那么你的问题听起来像“从左上角到右下角的所有路径的总长度都相同吗?”如果我们将注意力限制在每一步总是向下或向右移动的路径上,那么答案是“是”。
要看到这一点,请注意我们总共需要向下跳 5 次,向右跳 5 次。假设我们选择一条这样做的路径(但不一定按该顺序)。由于所有向下的跳跃具有相同的成本,并且所有向右的跳跃具有相同的成本,因此我们可以通过按顺序考虑每个跳跃来找到路径的总成本,为每个向下跳跃写入 6,为每个向右跳跃写入 1,并将列表加在一起。
例如,路径
RRDDRDRDDR的成本为1 + 1 + 6 + 6 + 1 + 6 + 1 + 6 + 6 + 1。现在我们可以看到一些有趣的东西。具有 5 个下跳和 5 个右跳的不同路径将具有相同的 5 个
6和 5 个1列表,只是以不同的顺序求和。我们现在可以观察到加法是可交换的,并得出结论:这两个和必须相等。也就是说,任何向下和向右移动的路径都与其他路径具有相同的总长度 (35)。鉴于此,假设底层图确实是一个网格,那么您的生成树与其他生成树一样好。

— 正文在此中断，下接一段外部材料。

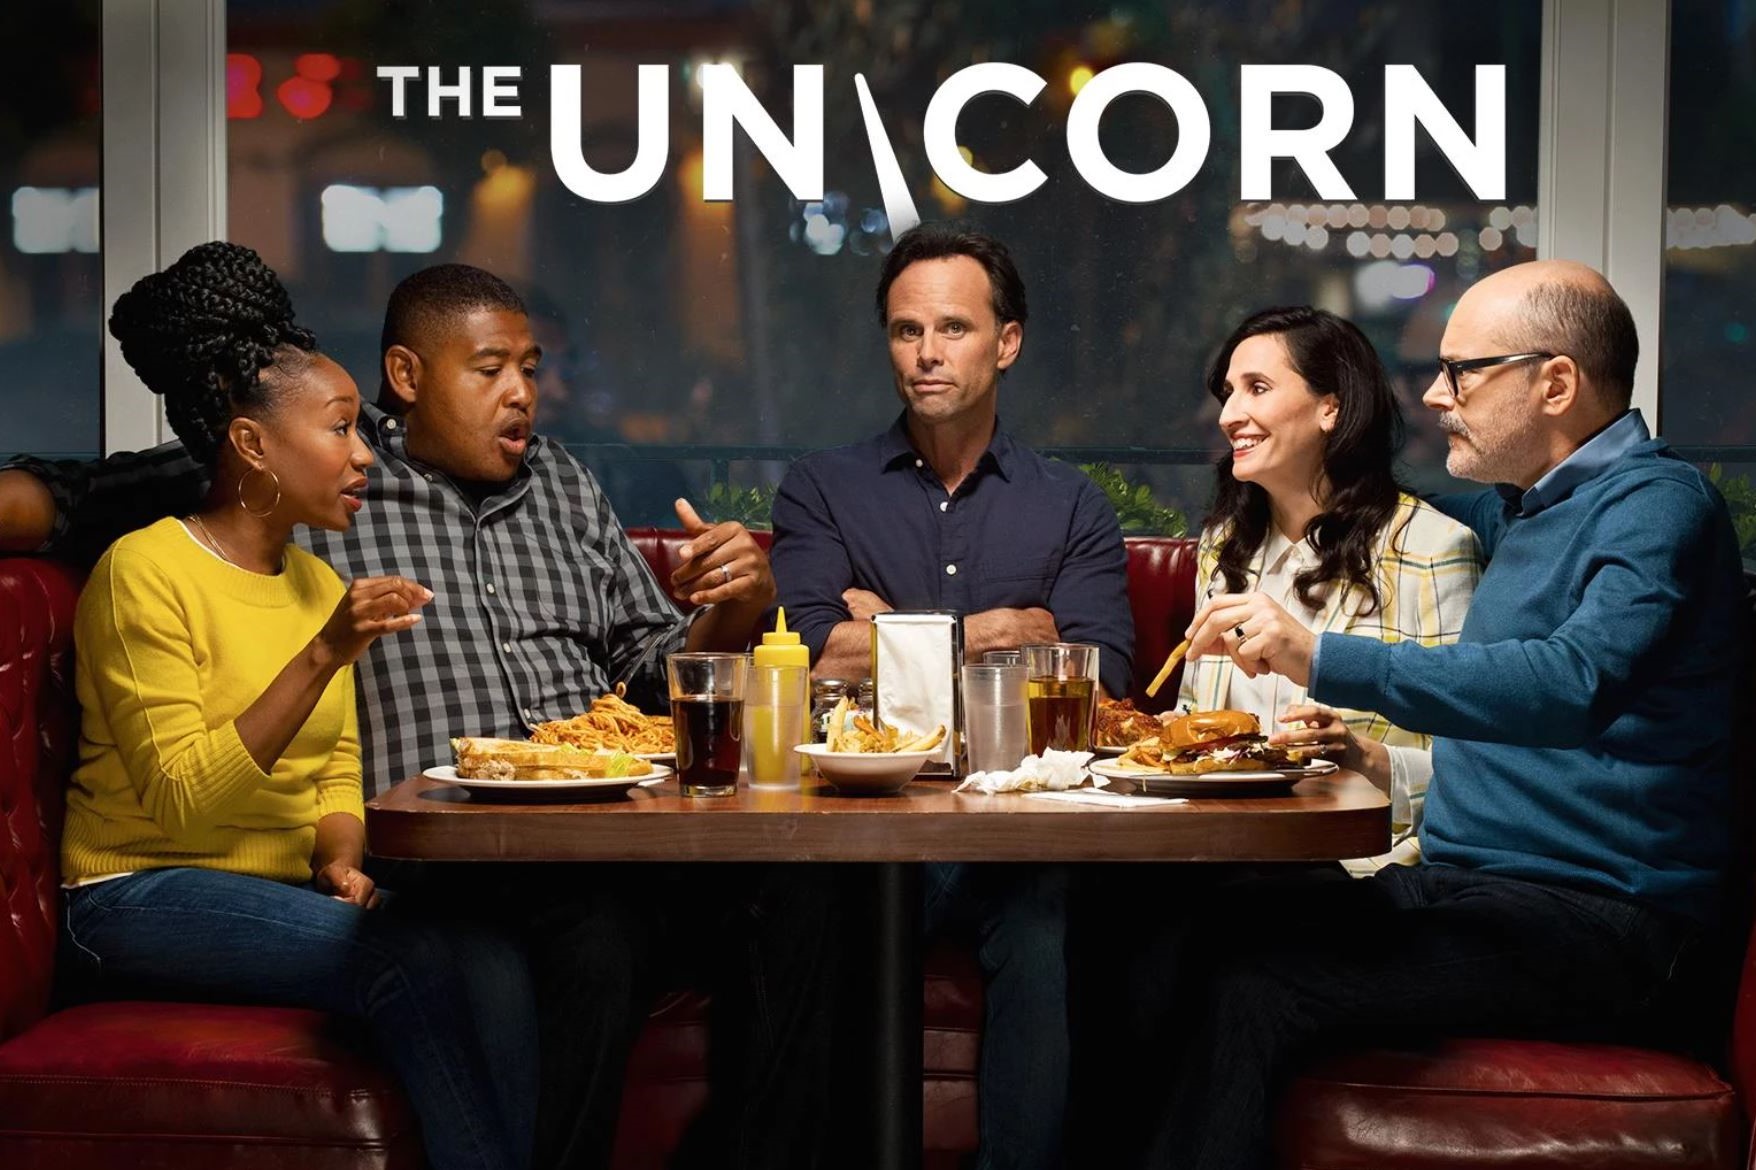 The Unicorn season 2 CBS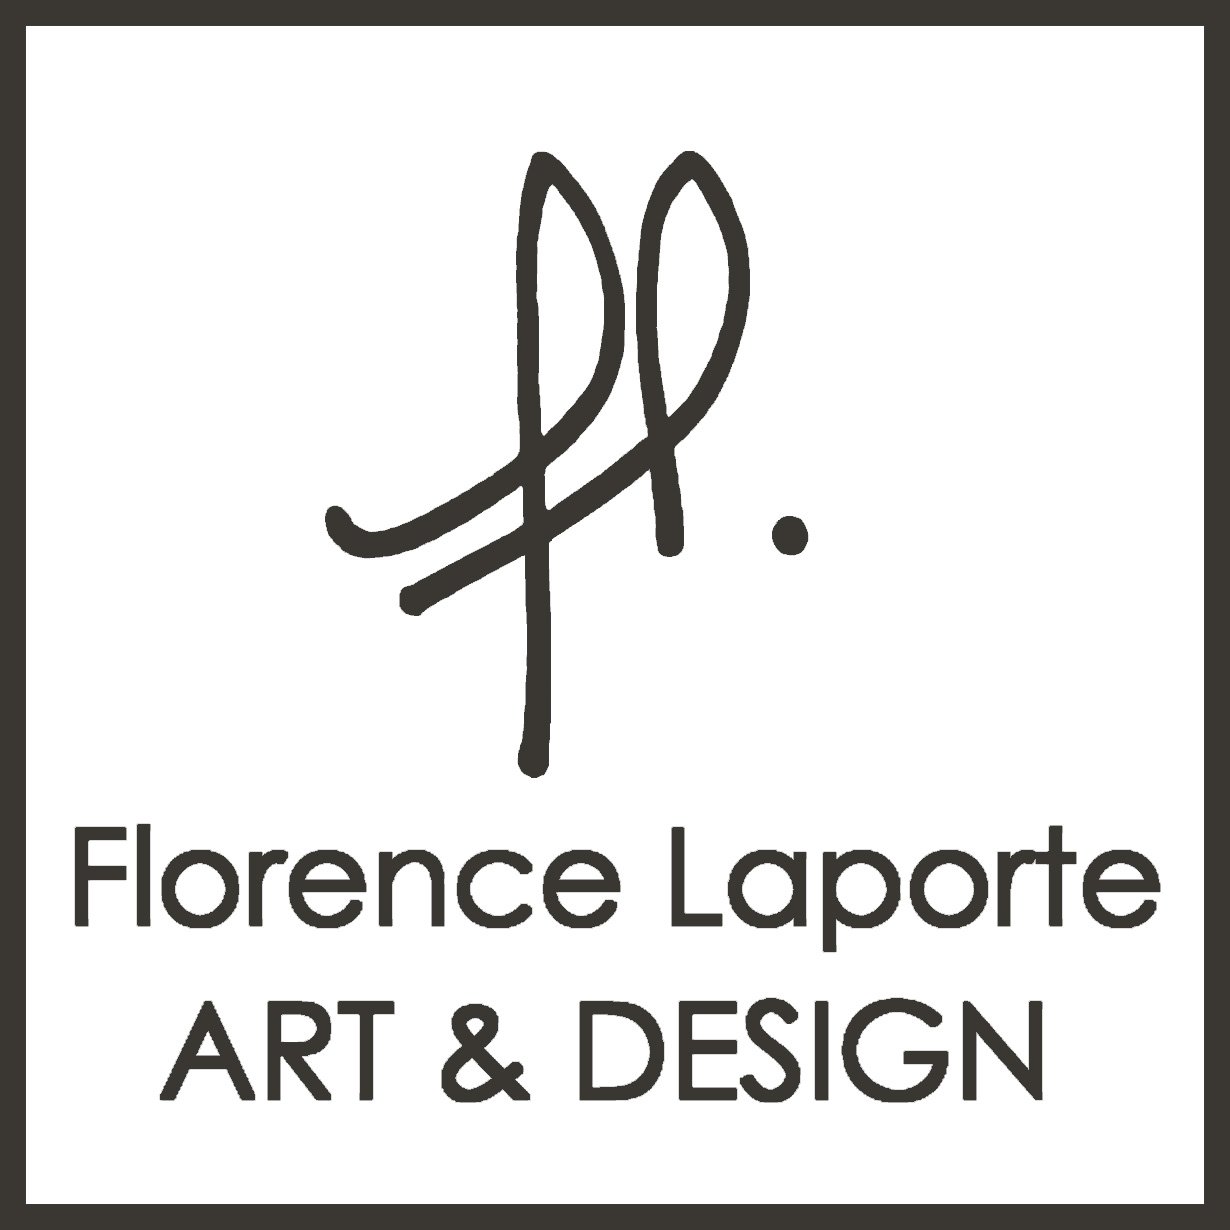 Florence laporte art, Papiers digitaux, cours en ligne

By "even" I think you mean "Irregardless of where I start, the distance to move one node horizontally in my diagram is always 1, and the distance to move vertically is always 6."
Your question then sounds like "Do all paths from the upper left to the lower right have the same total length?" If we restrict our attention to paths that, at each step, always move either down or to the right, then the answer is "yes".
To see this, note we need in total to make 5 hops down, and 5 hops to the right. Suppose we pick a path that does so (but not necessarily in that order.) Since all downward hops have the same cost, and all rightward hops have the same cost, we can find the total cost of the path by considering each hop in order, writing a 6 for each downward hop and 1 for each rightward hop, and add the list together.
For example, the cost of path
RRDDRDRDDRis1 + 1 + 6 + 6 + 1 + 6 + 1 + 6 + 6 + 1.Now we can see something interesting. A different path with 5 down hops and 5 right hops will have the same list of 5
6s and 51s, just summed in a different order. We can now observe that addition is commutative, and conclude that these two sums must come out equal. That is, any path moving down and to the right has the same total length (35) as any other.Given that, your spanning tree is as good as any other, assuming the underlying graph really is a grid.